Do I have a good overall structure ?
I use the result of the WITH inside the dynamic query.
DECLARE l_sql_query VARCHAR2(2000);
l_sql_queryFinal VARCHAR2(2000);
with cntp as (select distinct
cnt.code code_container,
*STUFF*
FROM container cnt
WHERE
cnt.status !='DESTROYED'
order by cnt.code)
BEGIN
FOR l_counter IN 2022..2032
LOOP
l_sql_query := l_sql_query || 'SELECT cntp.code_container *STUFF*
FROM cntp
GROUP BY cntp.code_container ,cntp.label_container, cntp.Plan_Classement, Years
HAVING
cntp.Years=' || l_counter ||'
AND
/*stuff*/ TO_DATE(''31/12/' || l_counter ||''',''DD/MM/YYYY'')
AND SUM(cntp.IsA)=0
AND SUM(cntp.IsB)=0
UNION
';
END LOOP;
END;
l_sql_queryFinal := SUBSTR(l_sql_query, 0, LENGTH (l_sql_query) – 5);
l_sql_queryFinal := l_sql_queryFinal||';'
dbms_output.put_line(l_sql_queryFinal);
The code you posted has quite a few issues, among them:
you've got the with (CTE) as a standlone fragment in the declare section, which isn't valid.
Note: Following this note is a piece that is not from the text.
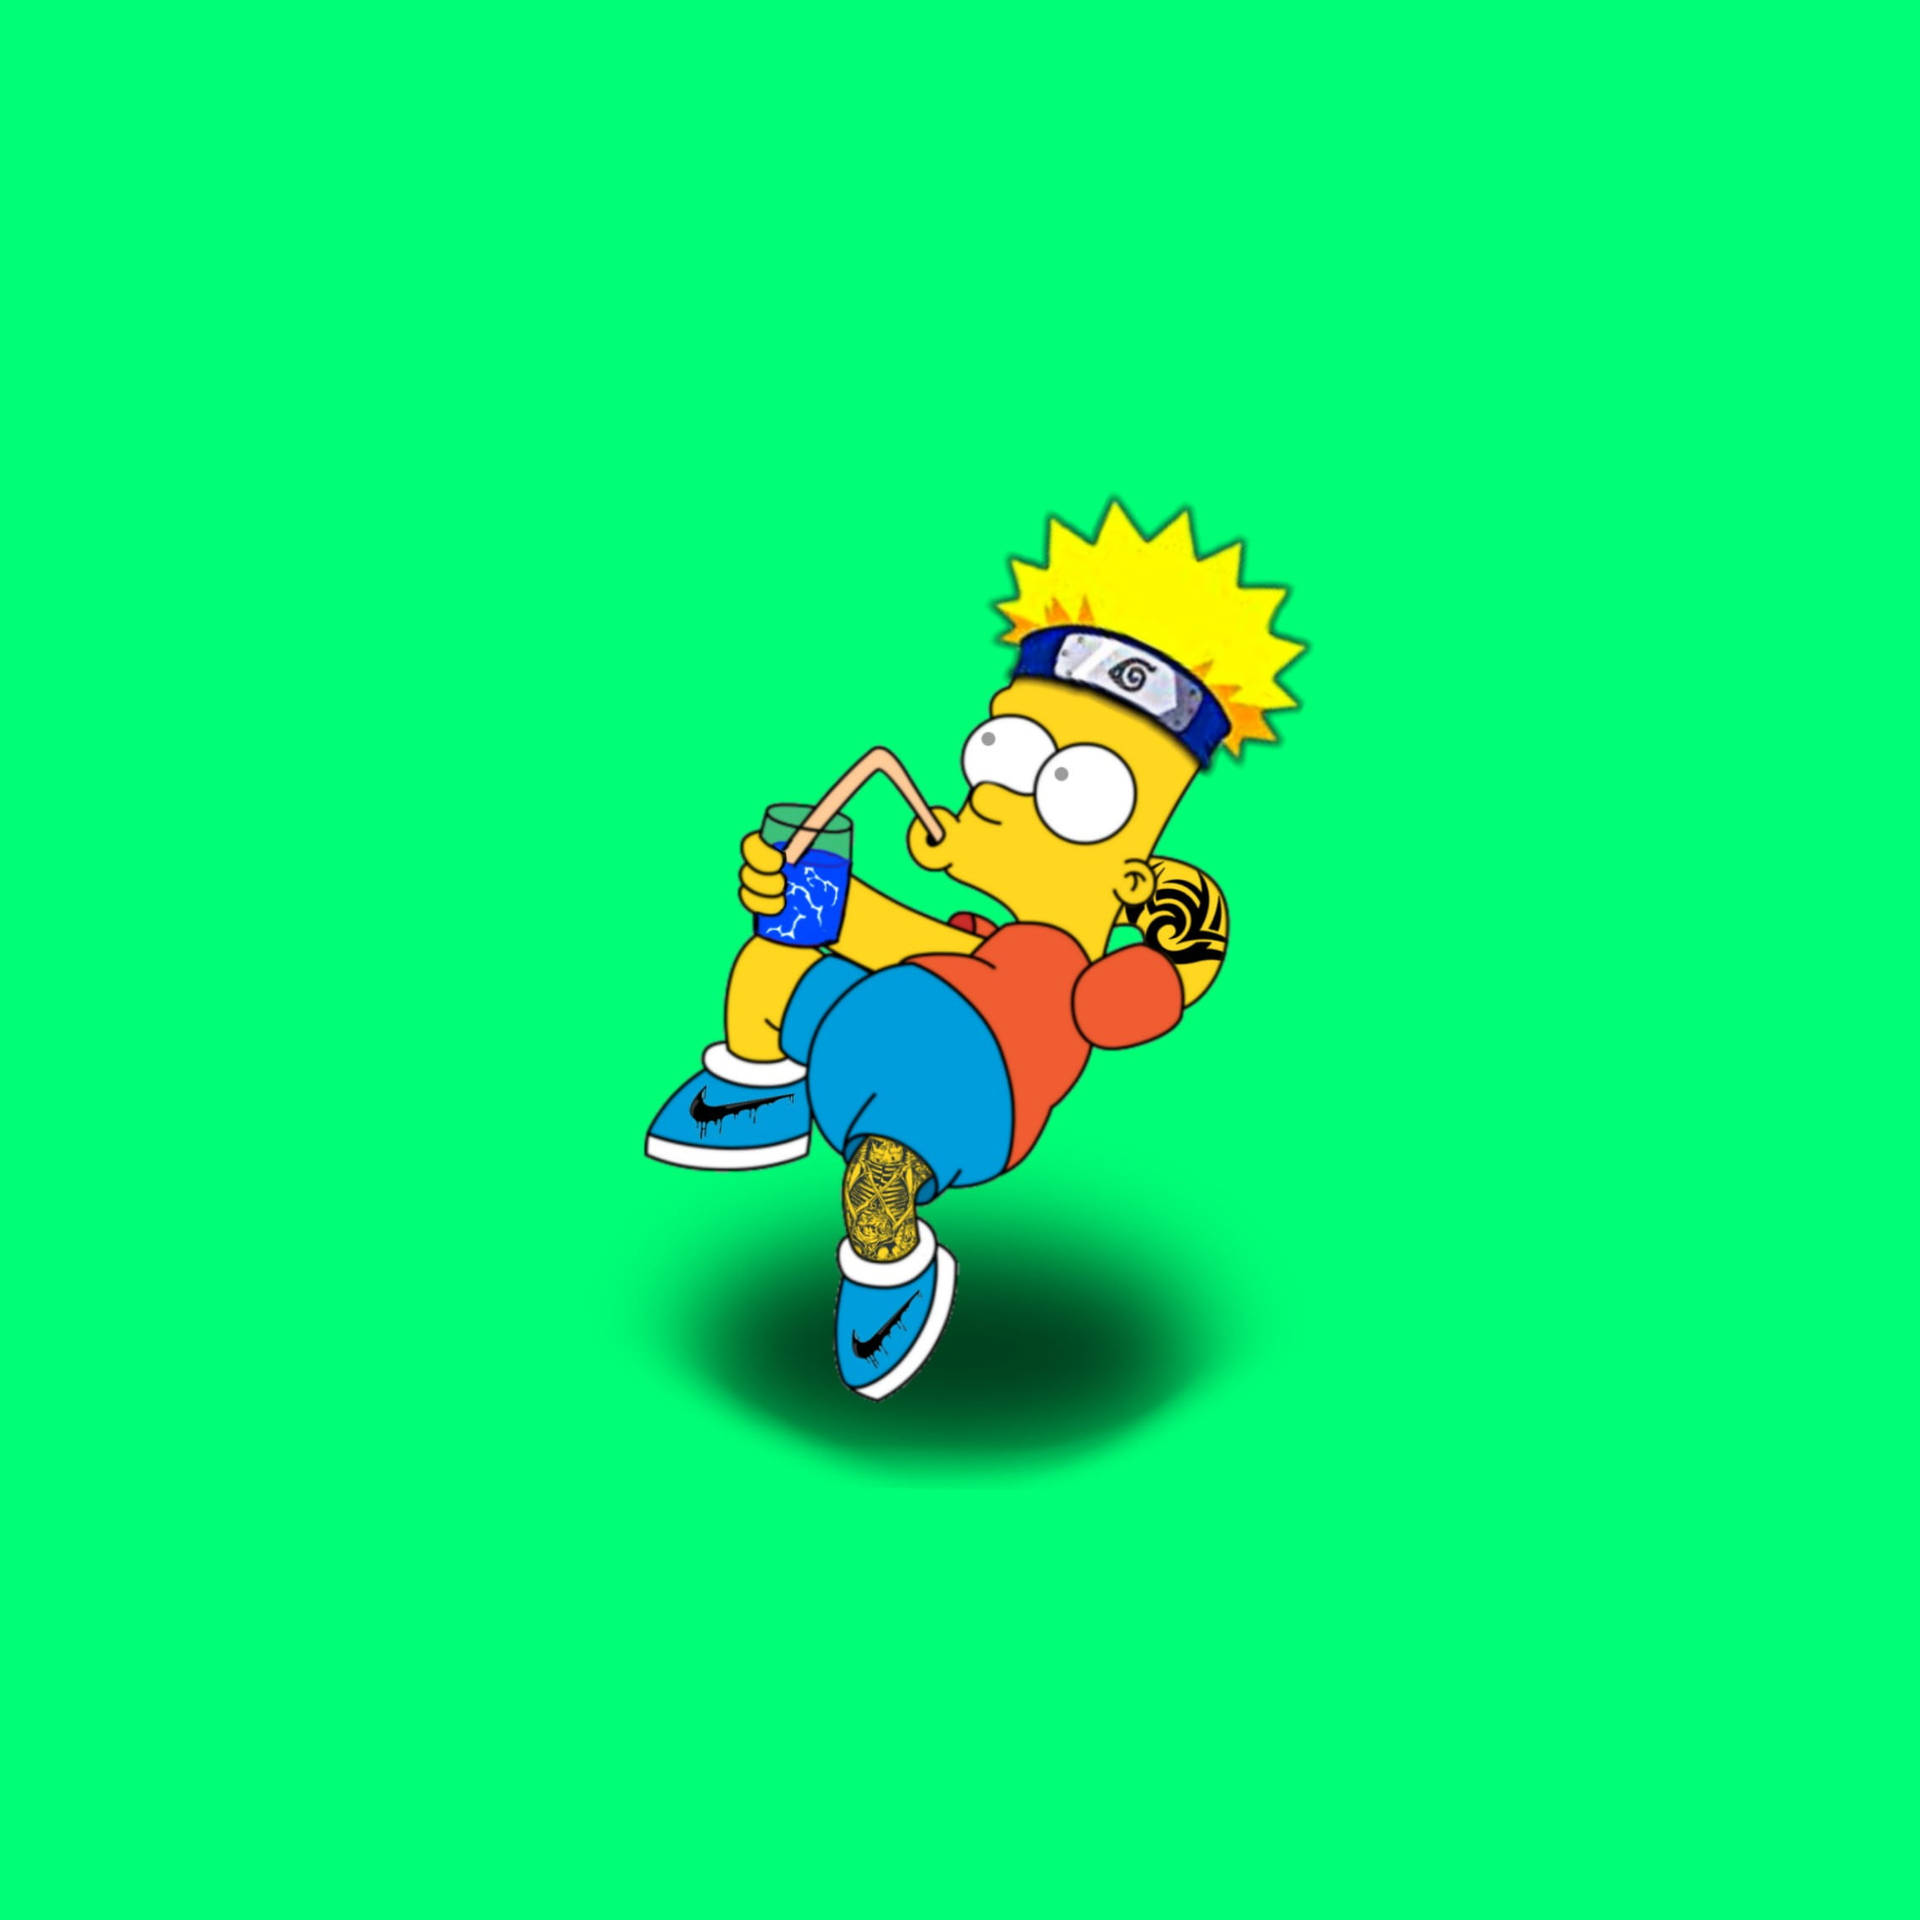 Nikefigurer I All Slags Underhållning Har Varit Något Av En Favorit För Dator- Och Mobilskärmsbakgrunder. Och Vad Kan Vara Mer Roligt Än Att Kombinera Nike-logotypen Med En Av De Mest Populära Animerade Tv-karaktärerna Genom Tiderna, Bart Simpson? Här Är En Nike-karikatyr-drinkande-bart-simpson Tapet Som Är Perfekt För Alla Sport- Och Simpsons-fans Där Ute! Wallpaper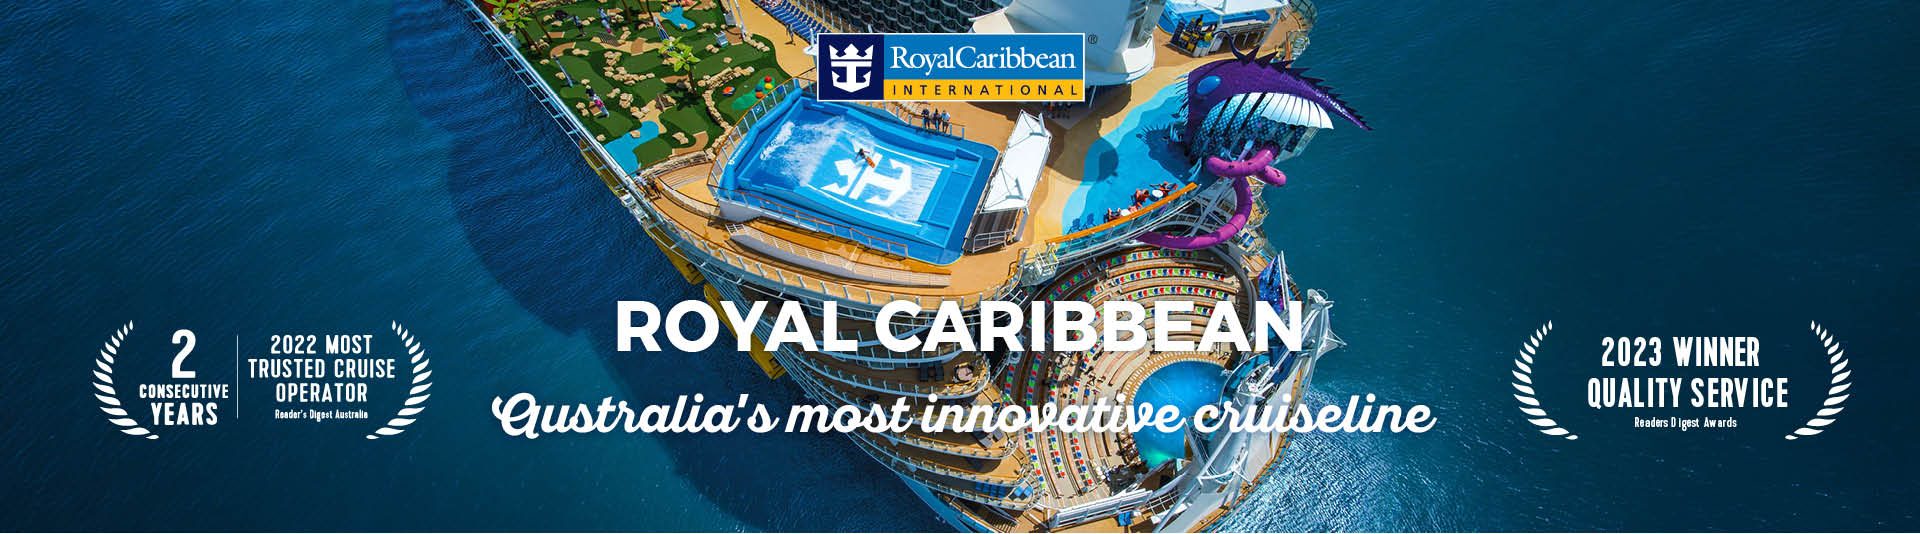 royal-caribbean-1.jpg

If you want it to be part of the dynamic string then put it in the string;
your END; is in the wrong place;
you have – instead of -;
you remove the last 5 characters, but you end with a new line, so you need to remove 6 to include the U of the last UNION;
the line that appens a semicolon is itself missing one (though for dynamic SQL you usually don't want a semicolon, so the whole line can probably be removed);
2000 characters is too small for your example, but it's OK with the actual maximum of 32767.
DECLARE
l_sql_query VARCHAR2(32767);
l_sql_queryFinal VARCHAR2(32767);
BEGIN
-- initial SQL which just declares the CTE
l_sql_query := q'^
with cntp as (select distinct
cnt.code code_container,
*STUFF*
FROM container cnt
WHERE
cnt.status !='DESTROYED'
order by cnt.code)
^';
-- loop around each year...
FOR l_counter IN 2022..2032
LOOP
l_sql_query := l_sql_query || 'SELECT cntp.code_container *STUFF*
FROM cntp
GROUP BY cntp.code_container ,cntp.label_container, cntp.Plan_Classement, Years
HAVING
cntp.Years=' || l_counter ||'
AND
MAX(TO_DATE(cntp.DISPOSITION_DATE,''DD/MM/YYYY'')) BETWEEN TO_DATE(''01/01/'|| l_counter ||''',''DD/MM/YYYY'') AND TO_DATE(''31/12/' || l_counter ||''',''DD/MM/YYYY'')
AND SUM(cntp.IsA)=0
AND SUM(cntp.IsB)=0
UNION
';
END LOOP;
l_sql_queryFinal := SUBSTR(l_sql_query, 0, LENGTH (l_sql_query) - 6);
l_sql_queryFinal := l_sql_queryFinal||';';
dbms_output.put_line(l_sql_queryFinal);
END;
/
db<>fiddle
The q[^...^] in the first assignment is the alternative quoting mechanism, which means you don't have to escape (by doubling-up) the quotes within that string, around 'DESTYORED'. Notice the ^ delimiters do not appear in the final generated query.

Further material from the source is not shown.